With this kind of attitude under your belt, you need never be at a disadvantage. If times change, technology advances and you find yourself behind the curve, it’s up to you to invest in yourself to grow your skills.
The death of corporate training
In years past, companies would take on this role, providing you with the training you needed to hone your skills and get work done on their behalf. Over the last 20 years that has almost completely disappeared; it is now up to the employee to be in charge of professional development, according to the authors:
“With the death of traditional career paths, so goes the kind of traditional professional development previous generations enjoyed. You can no longer count on employer-sponsored training to enhance your communication skills or expand your technical know-how. The expectation for even junior employees is that you can do the job you’ve been hired to do upon arrival or that you’ll learn so quickly you’ll be up to speed within weeks.
“Whether you want to learn a new skill or simply be better at the job you were hired to do, it’s now your job to train and invest in yourself. Companies don’t want to invest in you, in part because you’re not likely to commit years and years of your life to working there—you will have many different jobs in your lifetime.
“There used to be a long-term pact between employee and employer that guaranteed lifetime employment in exchange for lifelong loyalty; this pact has been replaced by a performance-based, short-term contract that’s perpetually up for renewal by both sides. Professional loyalty now flows “horizontally” to and from your network rather than ‘vertically’ to your boss.”
Cultivating an effective network
Not surprisingly, one of the most important soft skills you can focus upon is to cultivate an effective network of contacts – both as a source of potential jobs, as well as for knowledge and advice. No matter how talented you are or how bright your prospects may be, you can no longer go it alone. You need other people to help you advance in your career.
Acquaintances in your professional network can connect you with people and companies, help you understand and address your shortcomings, recommend companies that have cultures that would be a good fit with your personality and alert you to new articles, news and other developments from your target companies. In short, if they have a clear picture of what you’re looking for, they can do a better job of helping you.

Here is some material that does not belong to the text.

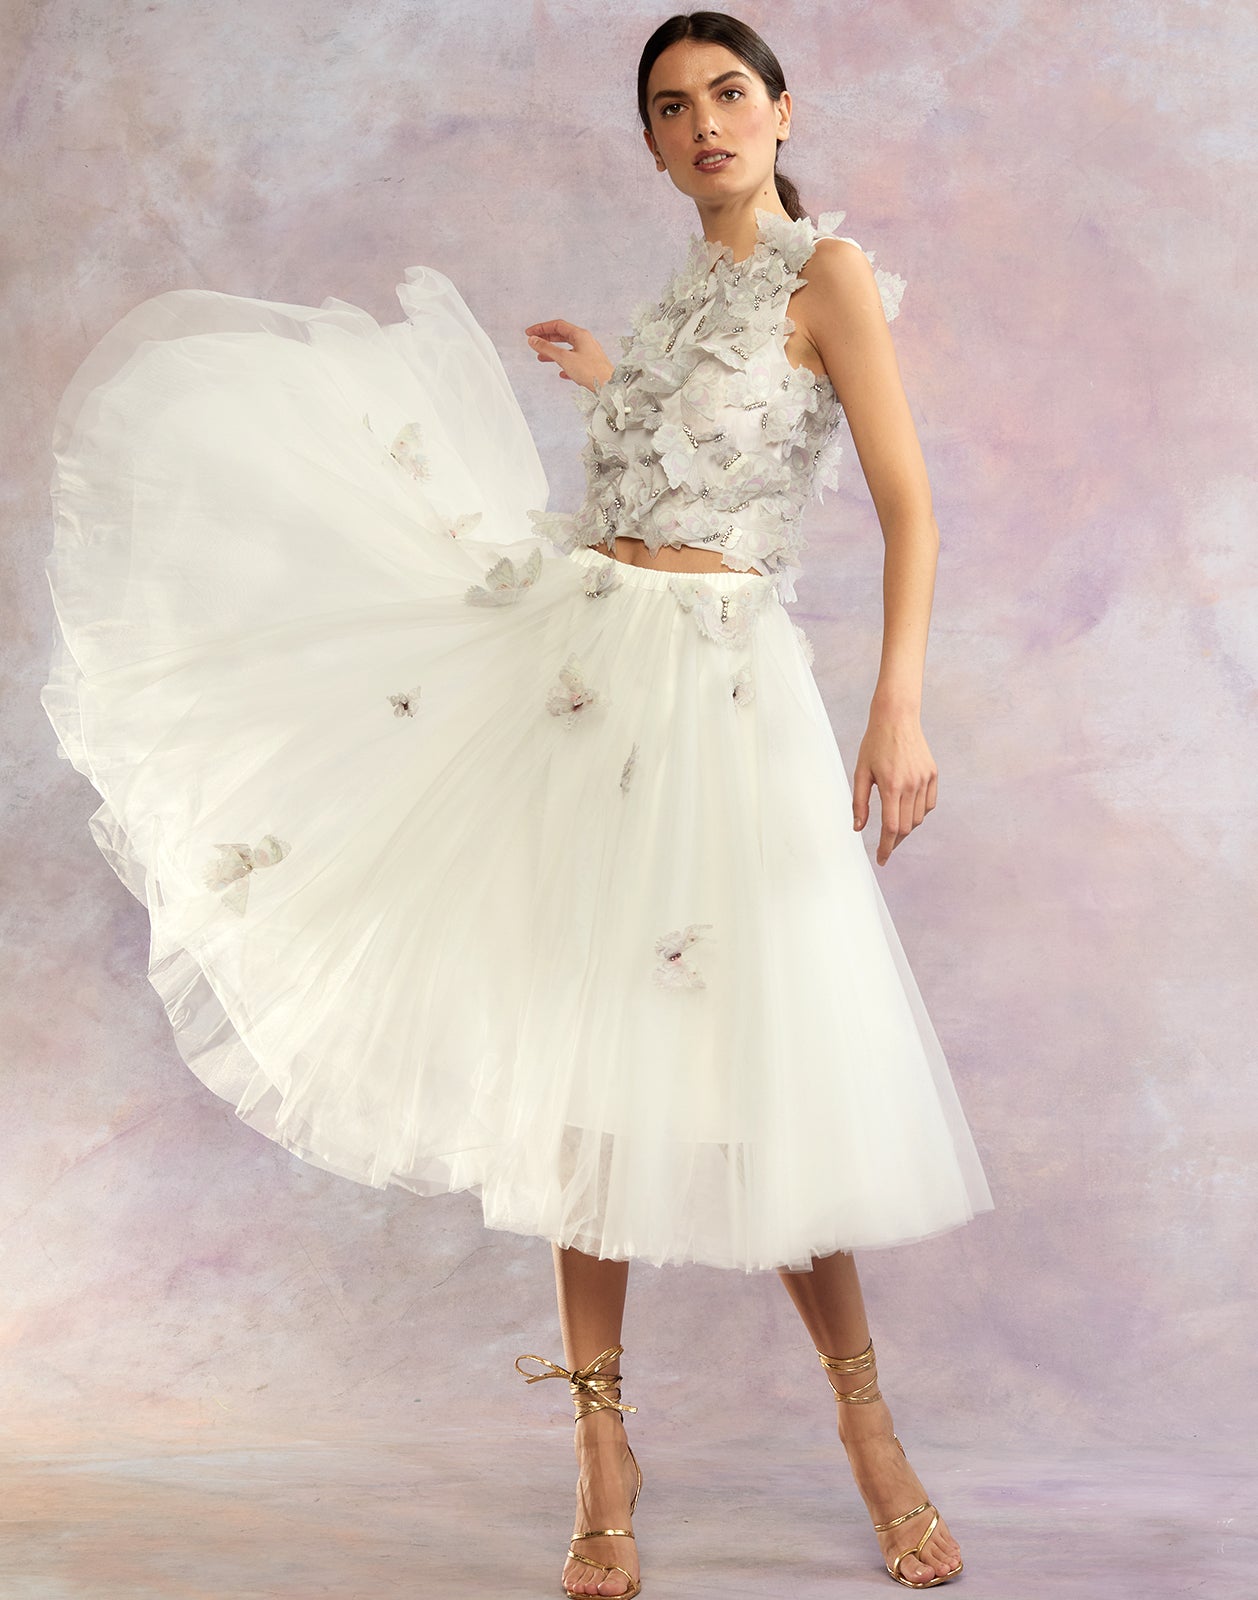 Butterfly Tulle Skirt – Cynthia Rowley
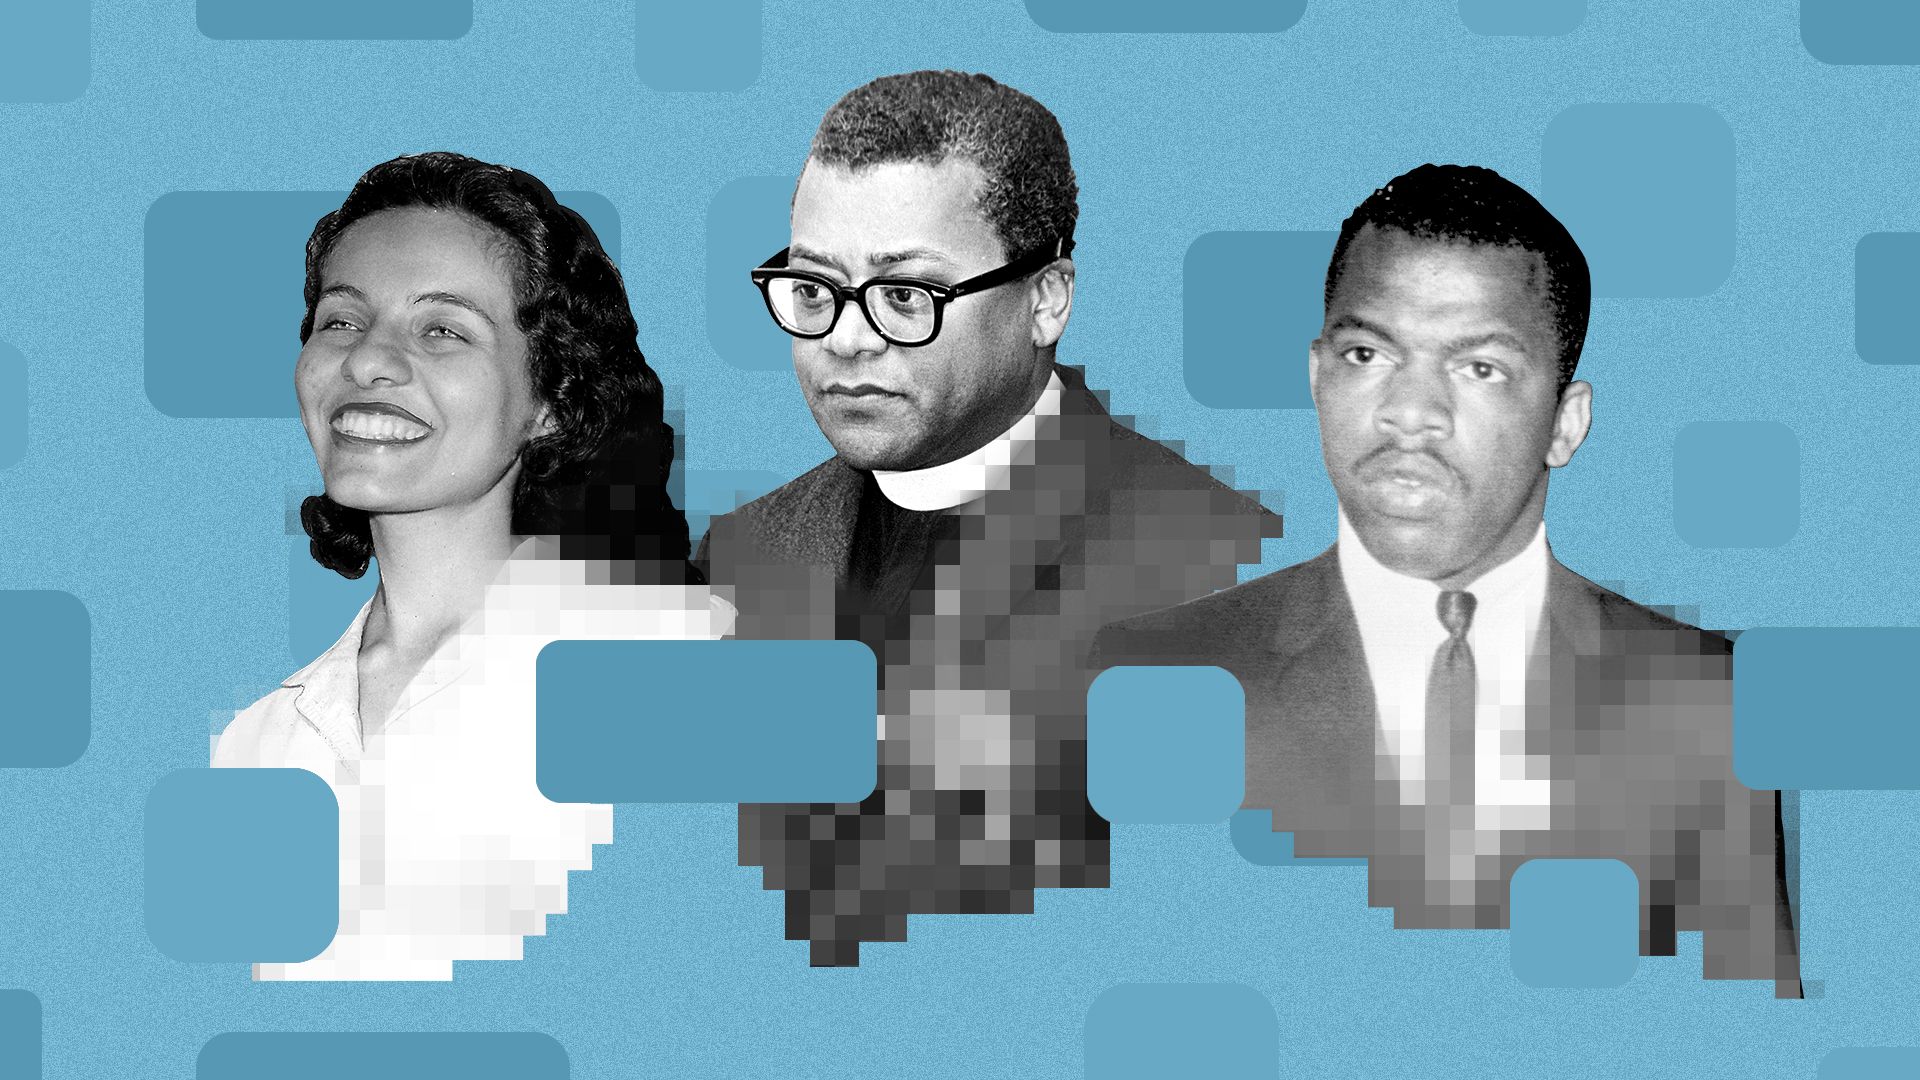 Photo illustration of a collage featuring Diane Nash, James Lawson and John Lewis, partially pixelated and over a pattern of smart phone and app shapes.

Hoffman and Casnocha compare your professional network to a network of sensors, each providing you with discreet bits of data on an ongoing basis. Viewed in isolation, the data from one sensor is next to useless. But when synthesized with the data from multiple sensors in different locations, you can get a more complete picture of what’s going on. The same goes with planning your career trajectory:
So what’s your plan? What areas do you need to develop? Determine what they are and develop a plan for learning the skills you need, and cultivate relationships with people who can help you to get there. Good luck!